General Lifestyle Guidelines for Alzheimer’s Prevention
Besides diet, there are a number of other lifestyle factors that can contribute to or hinder neurological health. The following strategies are therefore also important for any Alzheimer’s prevention plan:
- Exercise regularly. It’s been suggested that exercise can trigger a change in the way the amyloid precursor protein is metabolized,9 thus, slowing down the onset and progression of Alzheimer’s. Exercise also increases levels of the protein PGC-1alpha. Exercise also leads to hippocampus growth and memory improvement.10 I would strongly recommend reviewing the Peak Fitness Technique for my specific recommendations. Also, be sure to do regular walking. New studies suggest you need between 7,000-10,000 steps a day, in addition to your high-intensity exercise, to stay healthy.

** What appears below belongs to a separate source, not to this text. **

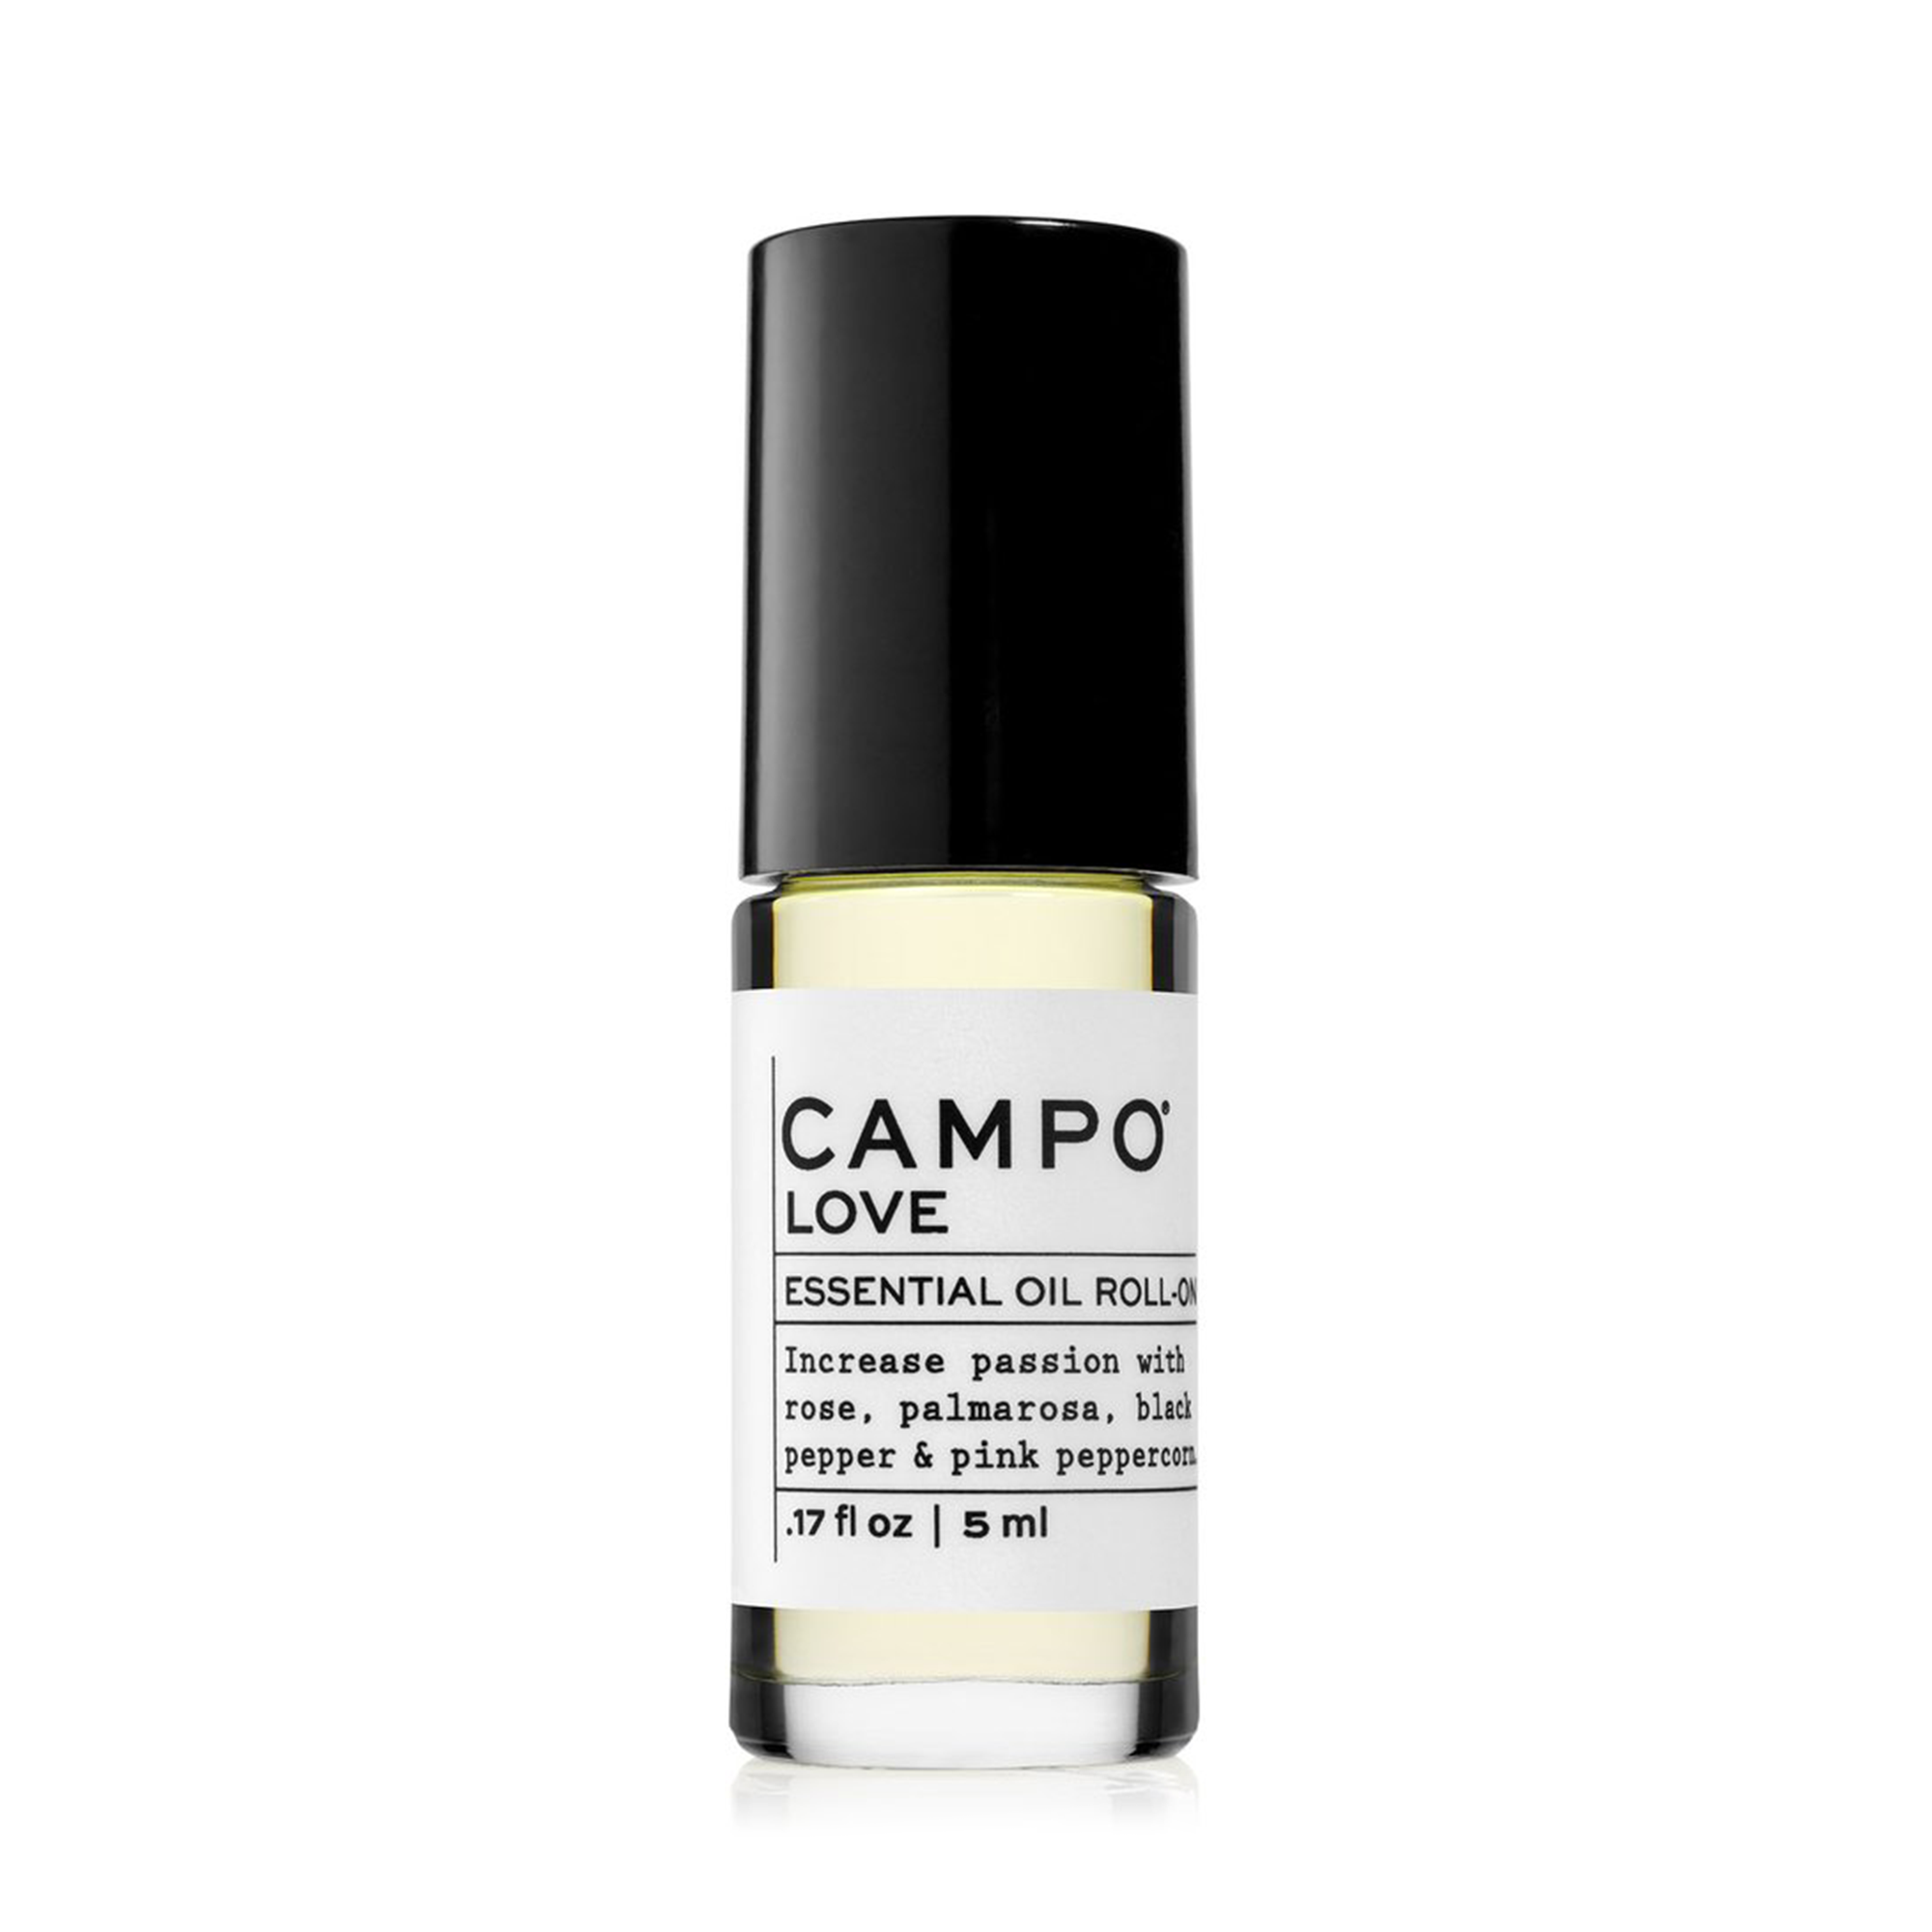 Combination of aromatic essential oils, thoughtfully crafted to balance emotional well being. Packed in a 5 ml, portable roll-on design for a comforting and soothing aromatic experience.

- Optimize your vitamin D levels with safe sun exposure. Strong links between low levels of vitamin D in Alzheimer’s patients and poor outcomes on cognitive tests have been revealed. Researchers believe that optimal vitamin D levels may enhance the amount of important chemicals in your brain and protect brain cells by increasing the effectiveness of the glial cells in nursing damaged neurons back to health. Vitamin D may also exert some of its beneficial effects on Alzheimer’s through its anti-inflammatory and immune-boosting properties. Sufficient vitamin D (50-70 ng/ml) is imperative for proper functioning of your immune system to combat inflammation that is also associated with Alzheimer’s.
- Avoid and eliminate mercury from your body. Dental amalgam fillings, which are 50 percent mercury by weight, are one of the major sources of heavy metal toxicity, however you should be healthy prior to having them removed. Once you have adjusted to following the diet described in my optimized nutrition plan, you can follow the mercury detox protocol and then find a biological dentist to have your amalgams removed.
- Avoid and eliminate aluminum from your body. Sources of aluminum include antiperspirants, non-stick cookware, vaccine adjuvants, etc. For tips on how to detox aluminum, please see my article, “First Case Study to Show Direct Link between Alzheimer’s and Aluminum Toxicity.”
- Avoid flu vaccinations as most contain both mercury and aluminum, well-known neurotoxic and immunotoxic agents.
- Avoid anticholinergics and statin drugs. Drugs that block acetylcholine, a nervous system neurotransmitter, have been shown to increase your risk of dementia. These drugs include certain nighttime pain relievers, antihistamines, sleep aids, certain antidepressants, medications to control incontinence, and certain narcotic pain relievers. Statin drugs are particularly problematic because they suppress the synthesis of cholesterol, deplete your brain of coenzyme Q10 and neurotransmitter precursors, and prevent adequate delivery of essential fatty acids and fat-soluble antioxidants to your brain by inhibiting the production of the indispensable carrier biomolecule known as low-density lipoprotein.
- Challenge your mind daily. Mental stimulation, especially learning something new, such as learning to play an instrument or a new language, is associated with a decreased risk of Alzheimer’s. Researchers suspect that mental challenge helps to build up your brain, making it less susceptible to the lesions associated with Alzheimer’s disease.